• _Dataset extract_:
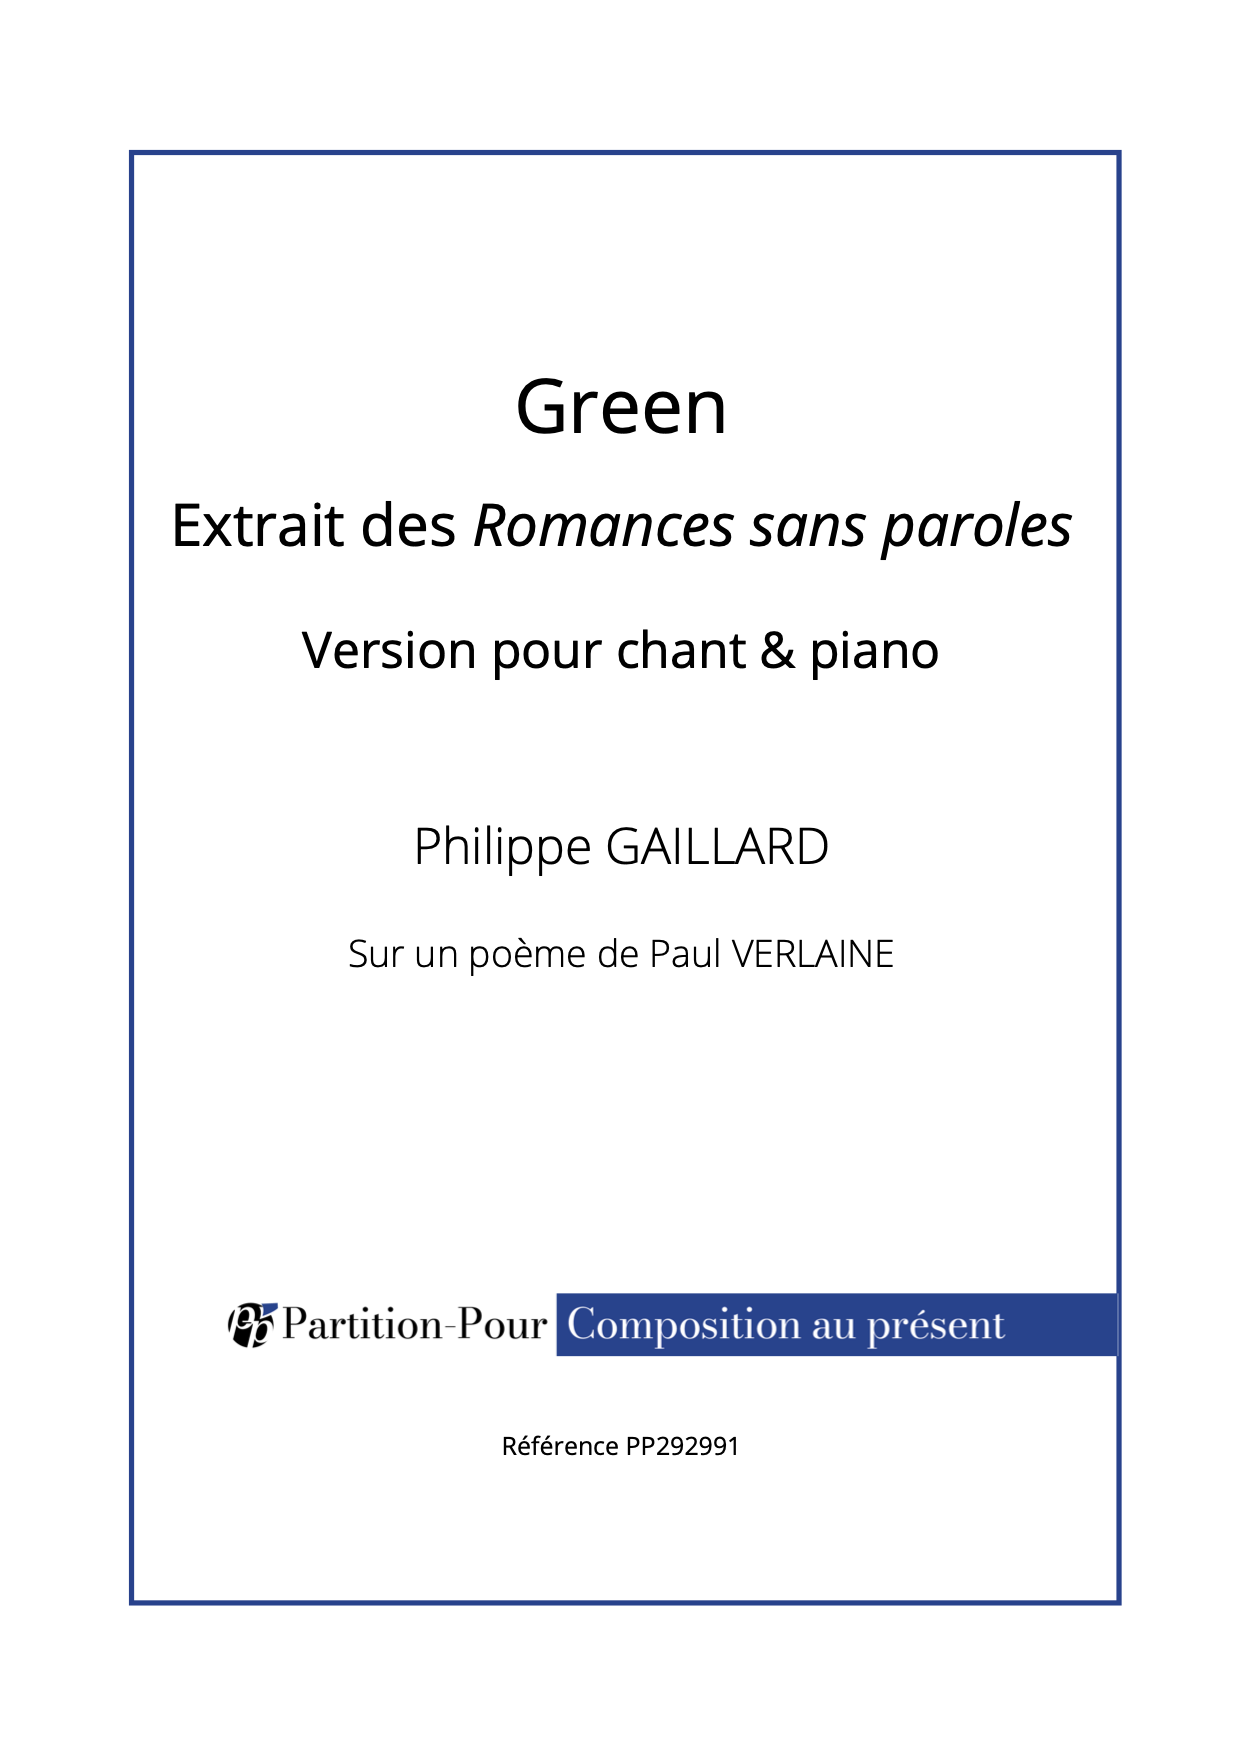 PP292991 - Gaillard P - Romances sans paroles - Green - chant & piano -présentation
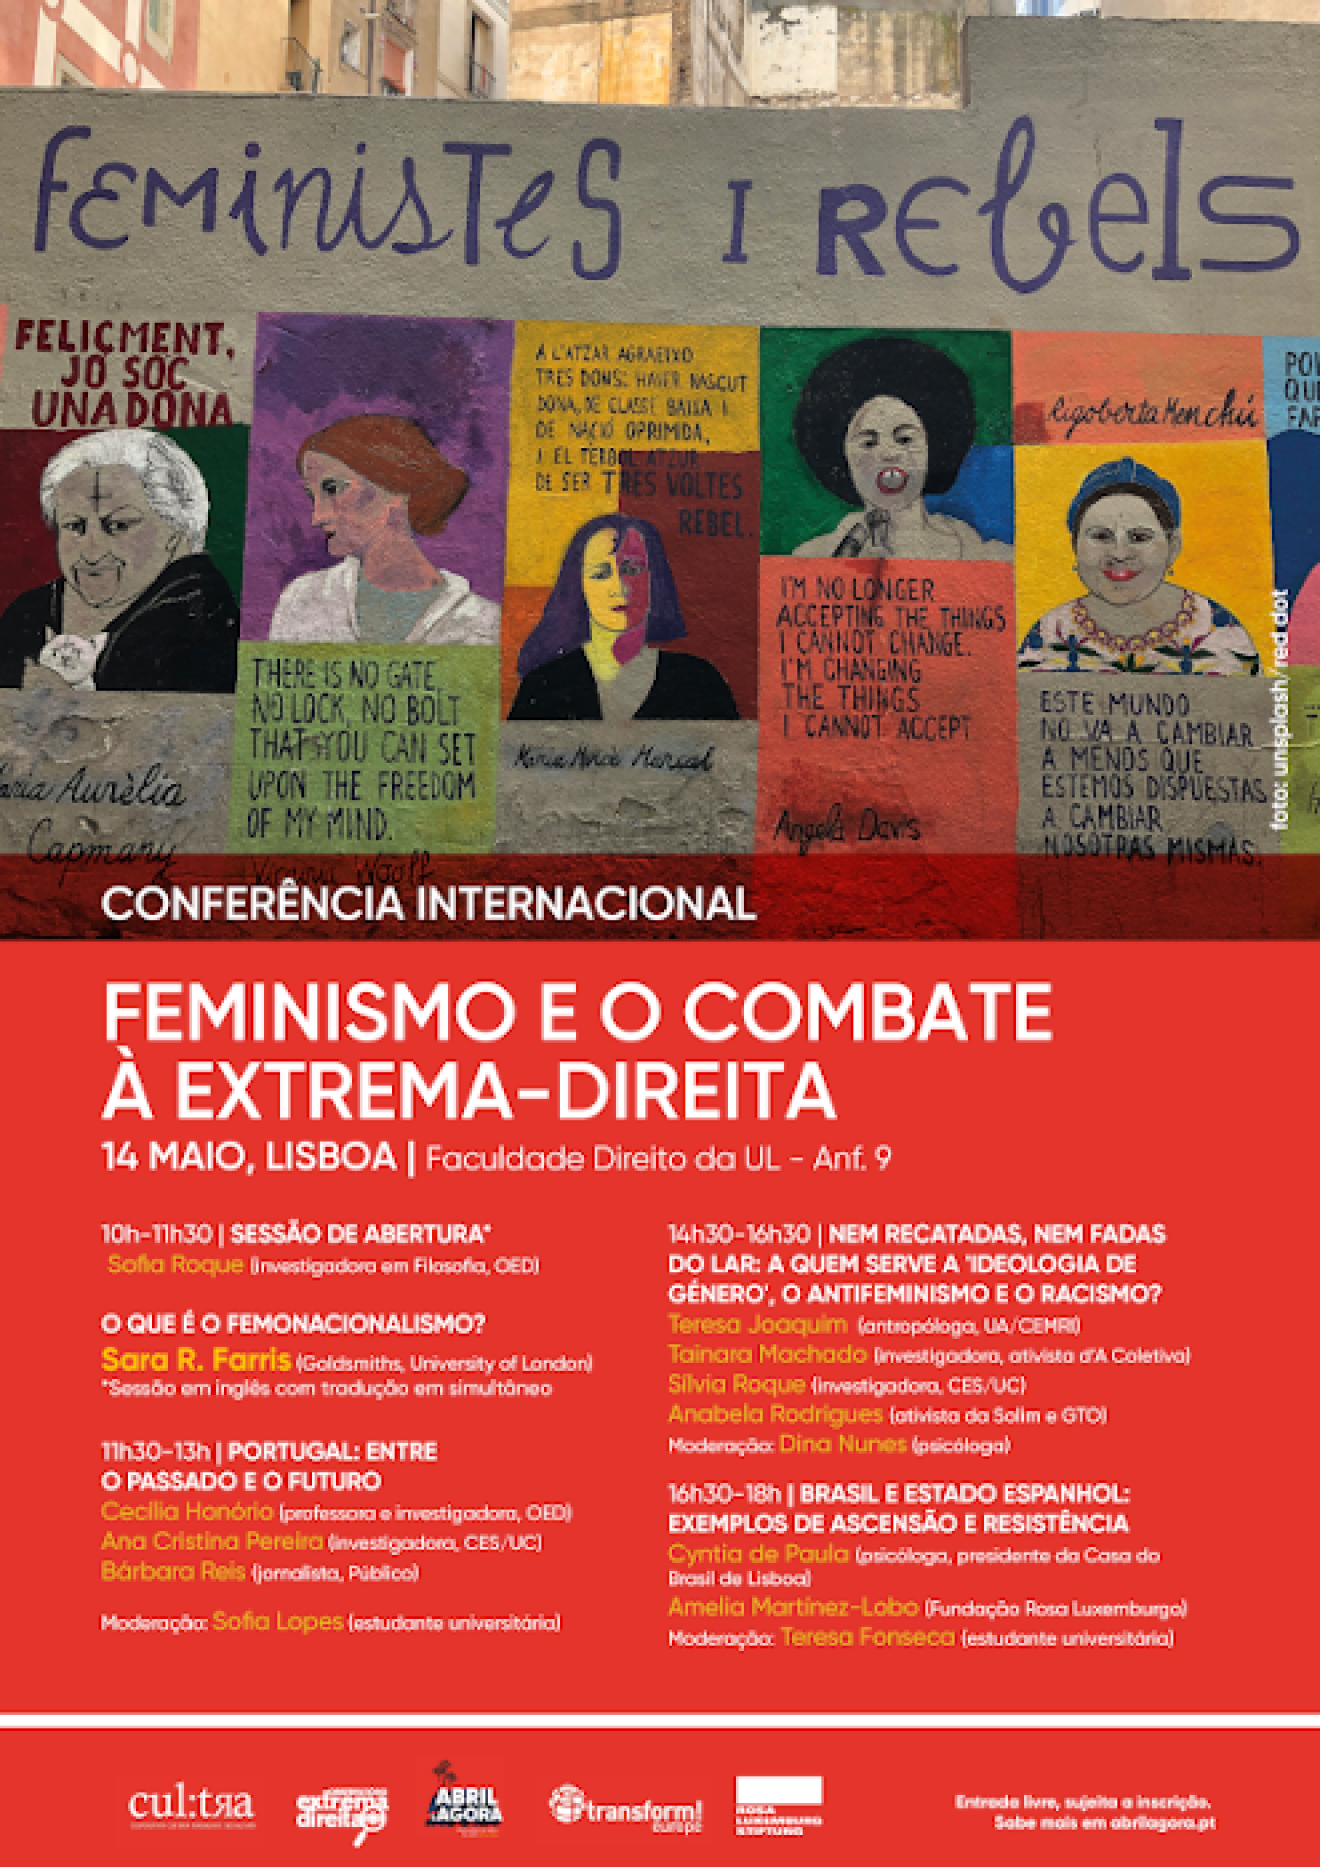 Conferência Internacional “Feminismo e o Combate à Extrema-Direita”
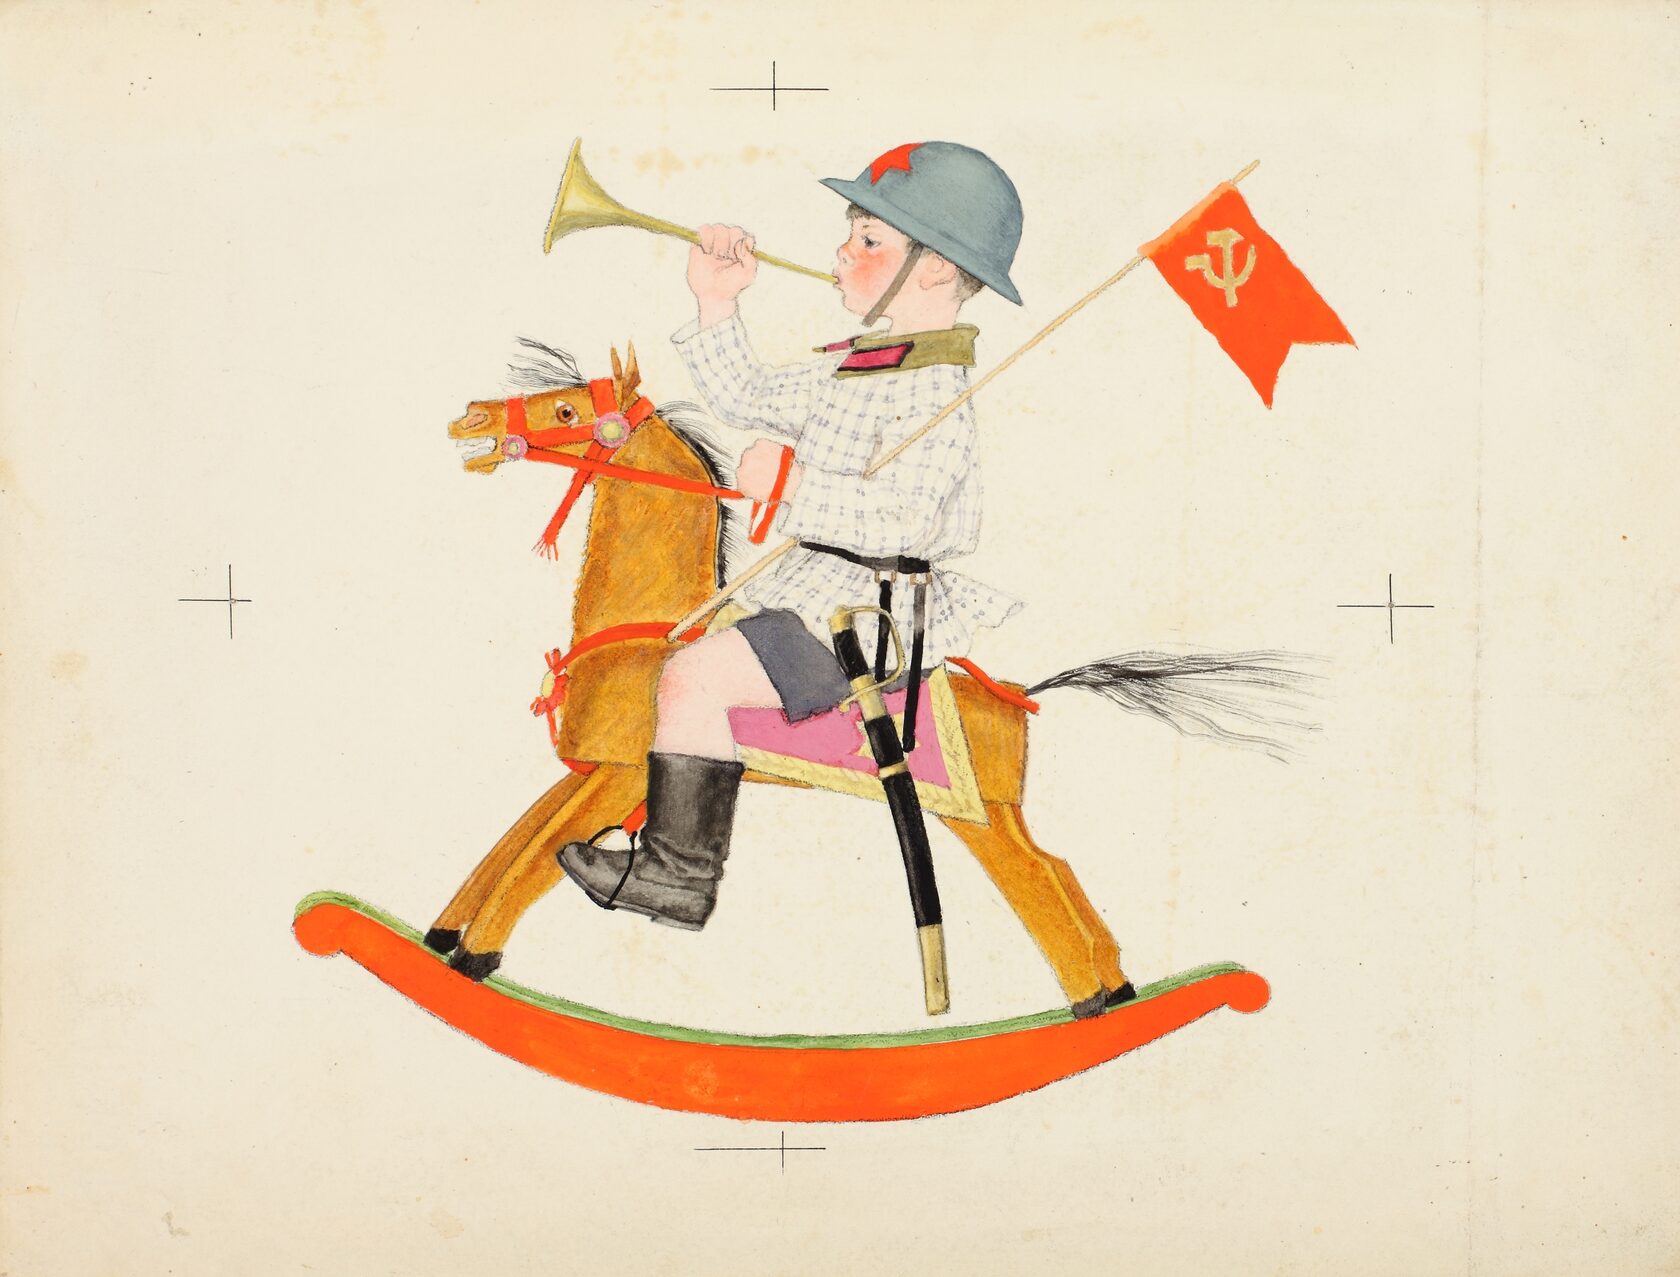 Иллюстрация к стихотворению «Трубач». К циклу стихотворений С.Я. Маршака «Мы военные».1938

• _Task statement_:
Make an exact copy of the lines from the one holding "e o Combate" through the end of the material, both ends included, and keep the pictures out of it.

• _Exercise output_:
 Conferência Internacional “Feminismo e o Combate à Extrema-Direita”
 Иллюстрация к стихотворению «Трубач». К циклу стихотворений С.Я. Маршака «Мы военные».1938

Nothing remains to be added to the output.